Court Opinion

ID: 9521047
Source: CourtListenerOpinion
Date Created: 2023-08-07 01:55:52.558933+00
Date Added: 2024-06-11T12:47:33.548644
License: Public Domain

PRENTICE, Justice,
dissenting.
I would reverse the judgment because of the giving of State's final instruction No. 5 (final instruction number 19) over Defendant's objection. It was as follows:
"An accomplice is a competent witness, and a person may be convicted on the uncorroborated testimony of an accomplice."
Although the instruction is a correct statement of the law, it should not have been given in view of our numerous opinions that instructions as to credibility should be general and apply equally to all witnesses.

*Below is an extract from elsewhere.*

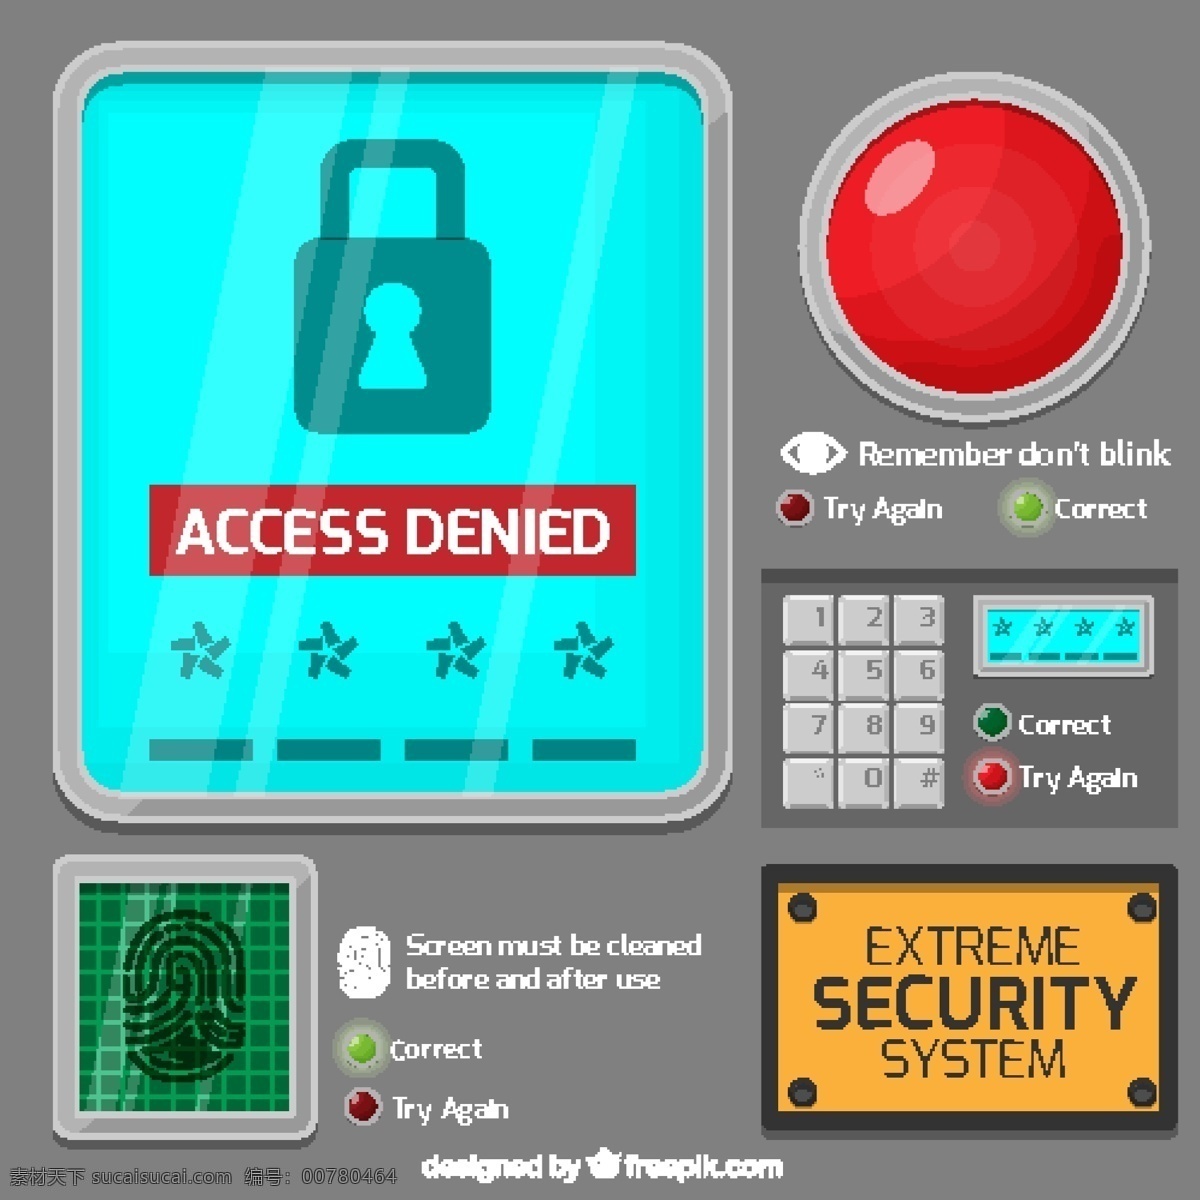 电脑 网络安全 系统 操作 背景 网络安全系统 操作背景 蓝色橙色 电脑安全 元素图标 wifi图标 红色按钮 锁具插图 键盘图标 警示图标 蓝色方形背景

I acknowledge that the instructions in those cases to which we have been referred by Defendant went further and burdened the testimony of the witnesses to which they were directed with, at the very least, a suggestion that they were less creditworthy than others. While the instruction in this case did not directly charge that accomplices were either more or less creditworthy than other witnesses, it could not add to the jury's appreciation of its province in assessing credibility, and the matter had been covered, generally, by other instructions, as had the matter of the level of proof required to sustain a conviction. The instruction, therefore, could serve no bona fide purpose but was a harpoon to suggest to the jury, albeit subtly, that the State was entitled to have the testimony of accomplice witnesses accepted free from the stigma that inherently accompanies it. Witness competency is a matter to be determined by the court-not the jury. The accomplices, having been permitted to testify, their testimony was to be considered and assessed for credibility by the same standards as the testimony of other witnesses. It is error to advise or suggest that the testimony of any witness is entitled to less credit than the jury would give it under the instructions applicable to all witnesses. Swanson v. State, (1944) 222 Ind. 217, 52 N.E.2d 616; Alder v. State, (1958) 239 Ind. 68, 154 N.E.2d 716; Taylor v. State, (1972) 257 Ind. 664, 278 N.E.2d *1344273; Turner v. State, (1972) 258 Ind. 267, 280 N.E.2d 621; Drollinger v. State, (1980) 274 Ind. 5, 408 N.E.2d 1228, 1241; Taylor v. State, (1981) Ind., 425 N.E.2d 141, 143; Gadacz v. State, (1981) Ind., 426 N.E.2d 376, 379; Tawney v. State, (1982) 439 N.E.2d 582, 587. It follows that it is error to single out the testimony of a witness and suggest that it is entitled to more credit than the jury would give it under such general instructions.
"'We think that it is error for the court to single out any special witness, personally, and burden his testimony with any suggestions which might indicate to the jury that in the opinion of the court such witness was liable to testify falsely. Instructions as to the credibility of witnesses should be general, and apply equally to all of the witnesses for the state and the defendant alike. Because a witness may be the defendant is no reason why he should be visited with condemnation upon the one hand, or clothed with sanctity upon the other. He is before the court as a witness, and should be treated by both the court and the jury just as other witnesses are treated-no better and no worse.'"
Swanson v. State, (1944) 222 Ind. at 219, 52 N.E.2d at 617-618, quoting Fletcher v. State, (1909) 2 Okla.Cr. 300, 101 P. 599.
The instruction, in context, could not have done other than tell the jury that it need have no concern that the conviction of Defendant hinged upon the testimony of accomplice testimony. In my judgment this was an improper intrusion.